• _Source material_:

<<<<

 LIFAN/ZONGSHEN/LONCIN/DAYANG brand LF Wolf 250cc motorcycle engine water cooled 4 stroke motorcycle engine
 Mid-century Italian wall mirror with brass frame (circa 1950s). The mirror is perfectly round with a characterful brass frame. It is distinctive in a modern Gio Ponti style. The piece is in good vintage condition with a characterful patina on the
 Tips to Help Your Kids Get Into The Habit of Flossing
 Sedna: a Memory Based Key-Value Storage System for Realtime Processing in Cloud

>>>>

• _Problem statement_:
Every line of the data above should be retyped precisely.

• _Expected answer_:
 LIFAN/ZONGSHEN/LONCIN/DAYANG brand LF Wolf 250cc motorcycle engine water cooled 4 stroke motorcycle engine
 Mid-century Italian wall mirror with brass frame (circa 1950s). The mirror is perfectly round with a characterful brass frame. It is distinctive in a modern Gio Ponti style. The piece is in good vintage condition with a characterful patina on the
 Tips to Help Your Kids Get Into The Habit of Flossing
 Sedna: a Memory Based Key-Value Storage System for Realtime Processing in Cloud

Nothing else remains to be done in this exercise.